I have fished a 19' a 21' and own a 24' Cape Horn. First while I agree with Magic236 that the 24' is a MUCH dryer boat than th 21 and 19, as well as substantially more stable with more fishing room, I'm always relunctant to characterize any center console as 'dry'. 

I love my 24' CH- it is versatile enough to take considerable distances offshore and handles seas very well, but still manageable enough to tow easily (I launch by myself regularly) and it can get into essentially the same 'skinny' water the 21 and 19's can for Bay fishing or water sports. I think once you get much bigger than a 24' boat or a similar sized boat with a cabin, it starts becoming a lot more of a hassle to launch regularly, a drawback that has kept me from upgrading to date.

As far as comparing the pre-2005 to the newer ones, (i have ridden on a newer 24' as well as a 27') I do not think there is a lot of difference in the ride- the primary change to the hull design itself seemed to be the a more pointed V in the front compared to a more pronounced flare on the front in the older version, probably resulting in a dryer ride. I can tell you that the boat handles great in a leeway sea and loves a following sea. Since the Cape Horn is not a capped boat there is absolutely no give so a forward sea well beat you up unless you slow down or trim the bow down.

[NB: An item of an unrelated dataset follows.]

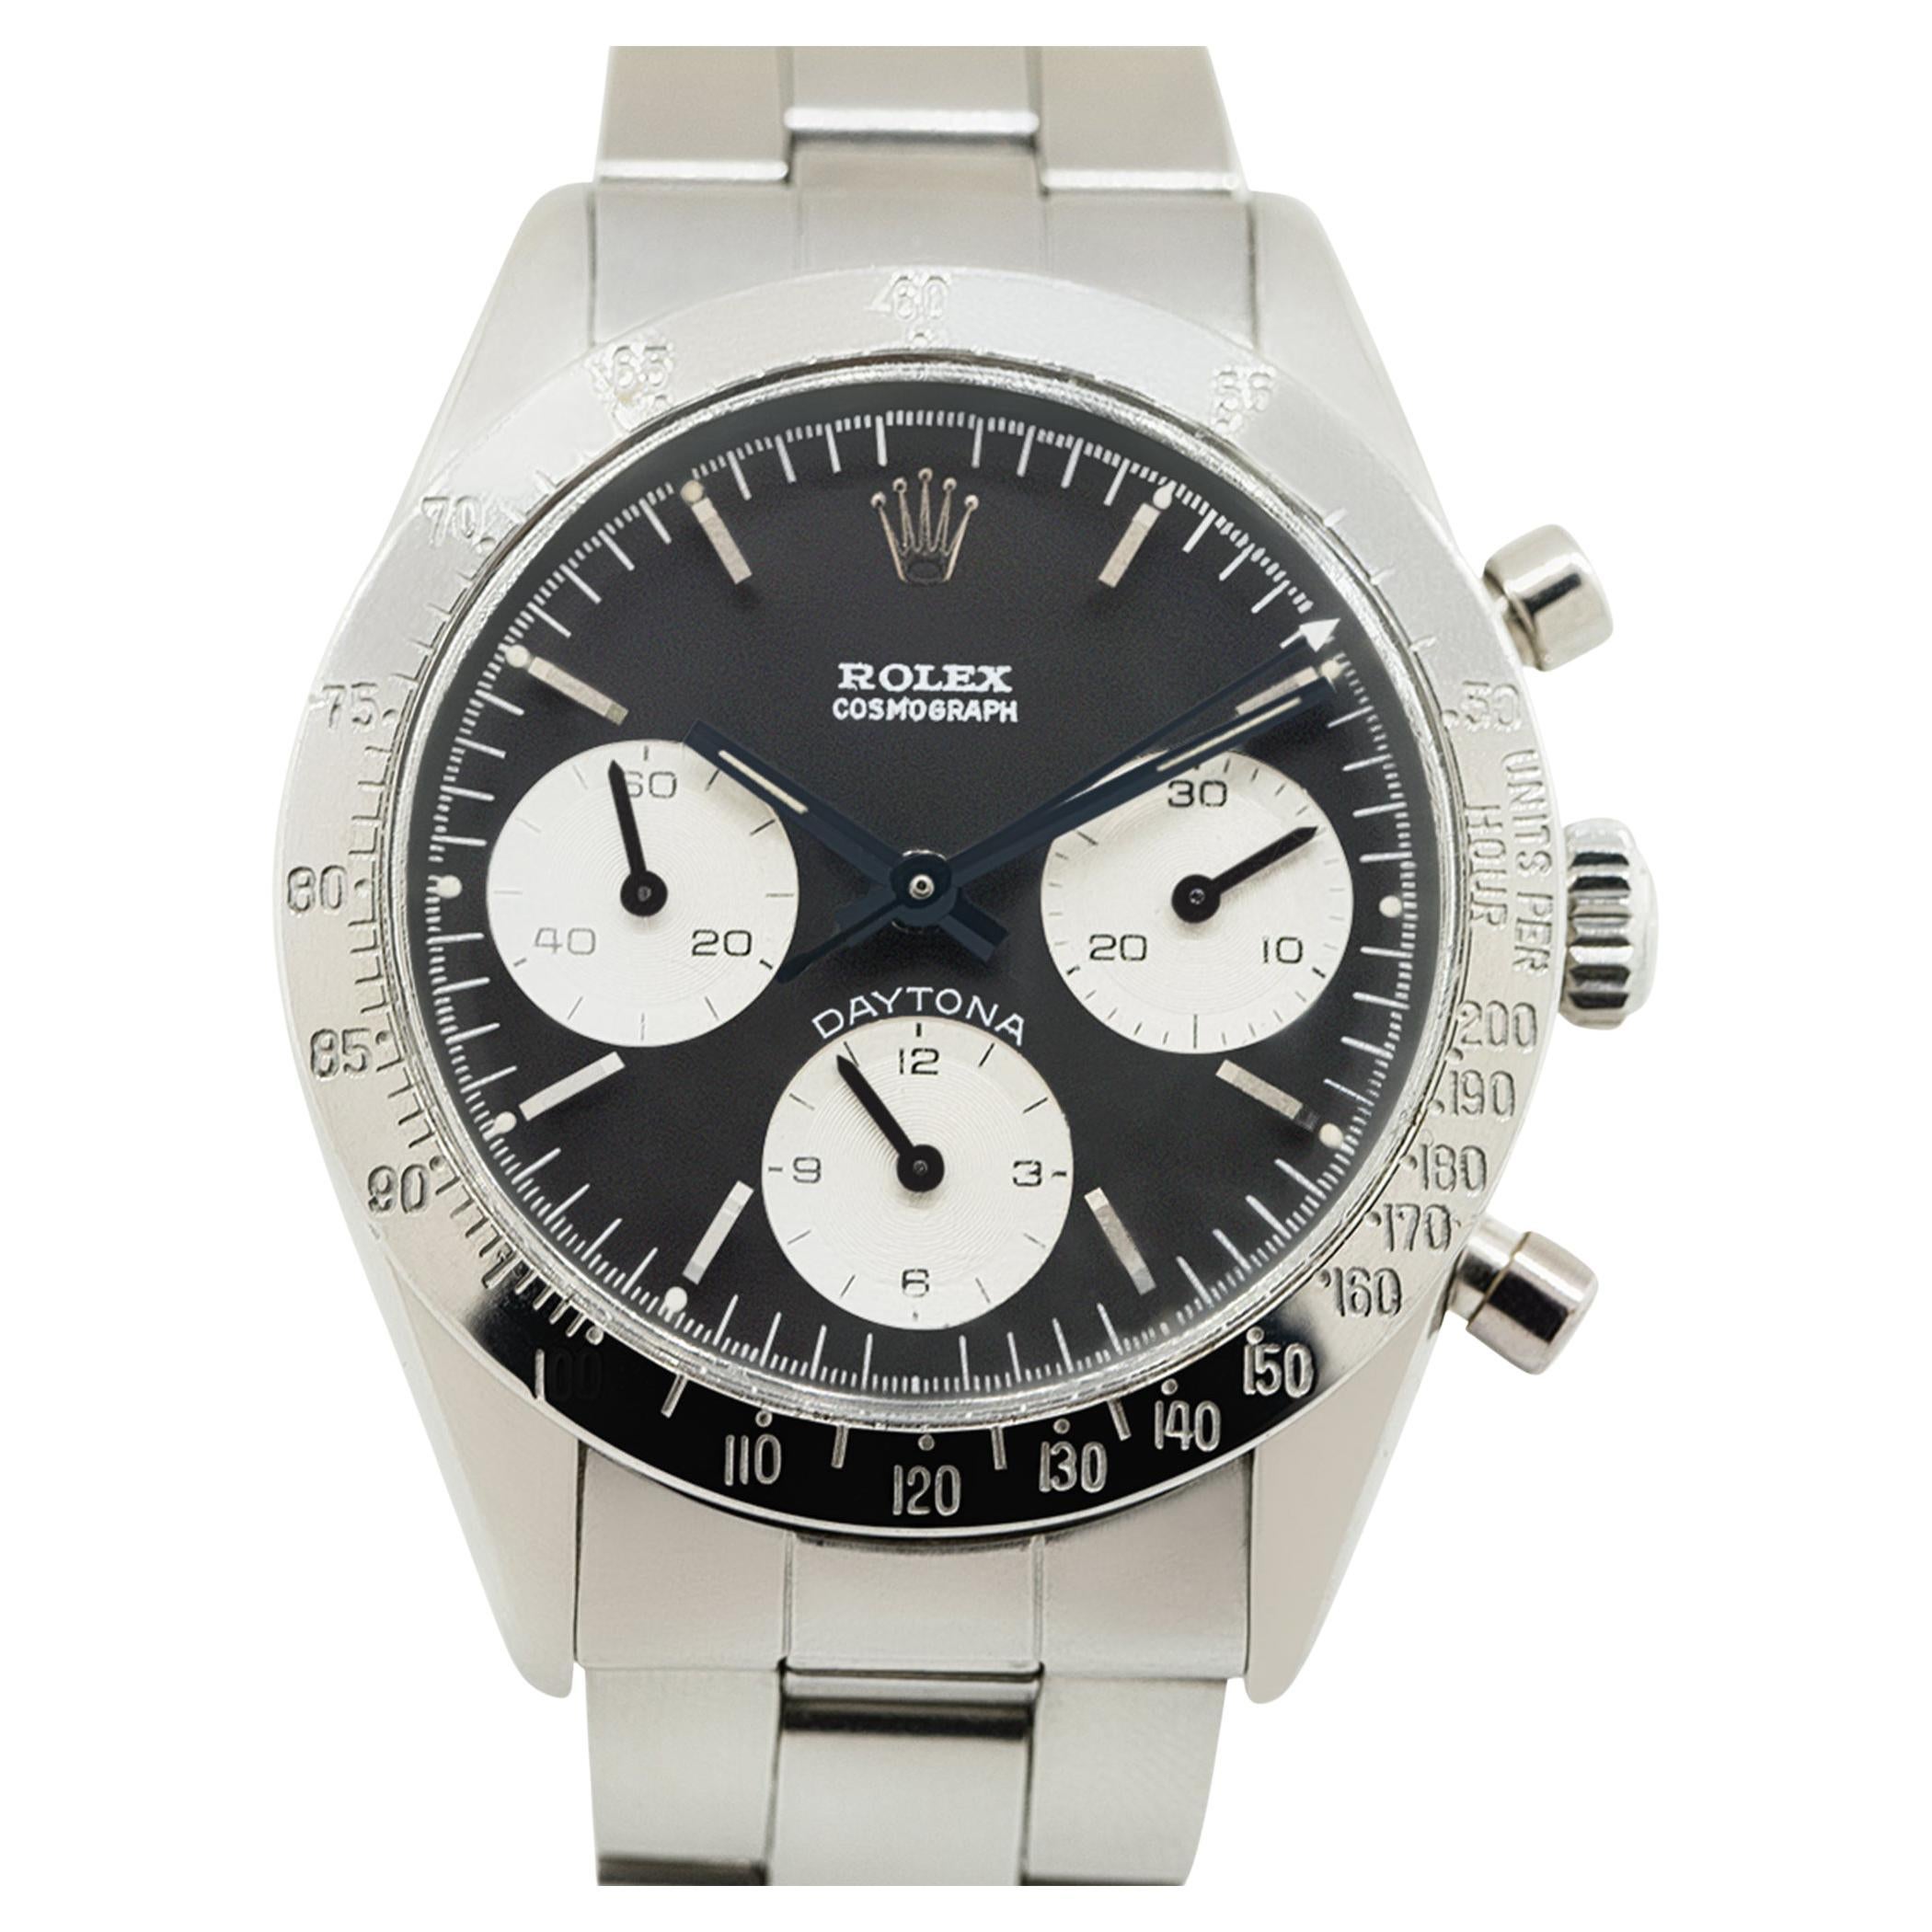 Reloj Rolex 6239 Daytona Acero Inoxidable en Stock

Anyway, my 1999 24' CH is for sale as well on craigslist- send me a PM and I can give you specifics.


----------



## baitboy (Jan 28, 2009)

look on craiglist you can prob find one some body got a little oil on for sale


----------



## peace of mind (Aug 20, 2009)

Thanks guys for the real world experiences with both of these boats. I have had other people tell me that it's not worth the extra money to go the 24 especially since most have twin engines and that if you are are going to make a change then a 26-28 foot boat is much better. 

I really like the 24 and think it is a versatile size. I am glad to here that there actually is that big of a difference between the 21 and 24 because I have been out in my 21 and sometimes it feels a little small for the ocean especially more than 15-20 miles out.


----------



## Strictly Bizness (Oct 2, 2007)

Go for it. I have fished on every cape from a 17 thru the 31. They only get better as they get bigger. The twin engines is a huge plus!! And they are built like tanks. They don't break easily.


----------



## younghooker (Oct 7, 2007)

love my 2000 model CH 24 1400 hours with 135 Opti's then repowered with twin 175 hp. Zukes.. (great combo) 450 + hrs. .. I sure don't need a bigger boat.. if it's 3 to 4 's or worse... we just don't go very far offshore or not at all..


----------



## peace of mind (Aug 20, 2009)

I read the rules to posting the boat for sale in that section and realized I do not have enough posts to do so. Would anyone be willing to sponsor me so I can put the boat for sale on the site?

Thanks.


----------



## The LaJess II (Oct 3, 2007)

I will sponsor you. Just let me know when you post so I can post that I'm sponsoring you. Good Luck with your boat sell and new boat purchase.


----------



## davdoc0011 (Nov 13, 2008)

24 atw


----------



## peace of mind (Aug 20, 2009)

First, The LaJess II thanks very much for you willingness to sponsor my post to sell my boat. I attempted to begin a new thread in the boats for sale to try to sell the 21 CH and it keep giving a VBulletin message asking me to log in and would not let me start a new thread. Am I going about this in the wrong way? Also have multiple pictures of the boat and would somehow like to add those if possible.Lastly, how do I let you know that I have posted in the for sale section--do I just post on this thread that I have posted in that section or is there another way to let you know?

Thanks for your help.


----------



## The LaJess II (Oct 3, 2007)

I will pm Splitine and get him to help you out with the pictures so keep and eye out for messages in your in box. I will also let him know that I will be sponsoring you. Good luck on your sell. If you need to get a hold of me send a pm and will go into my email and I will see it sooner.


----------



## WW2 (Sep 28, 2007)

The 23T is the length of the 26 and will carry HUGE amounts of fuel.


----------



## mdejoie2 (Aug 9, 2009)

very true you need to open your wallets to fuel one up. The right motors help out alot.


----------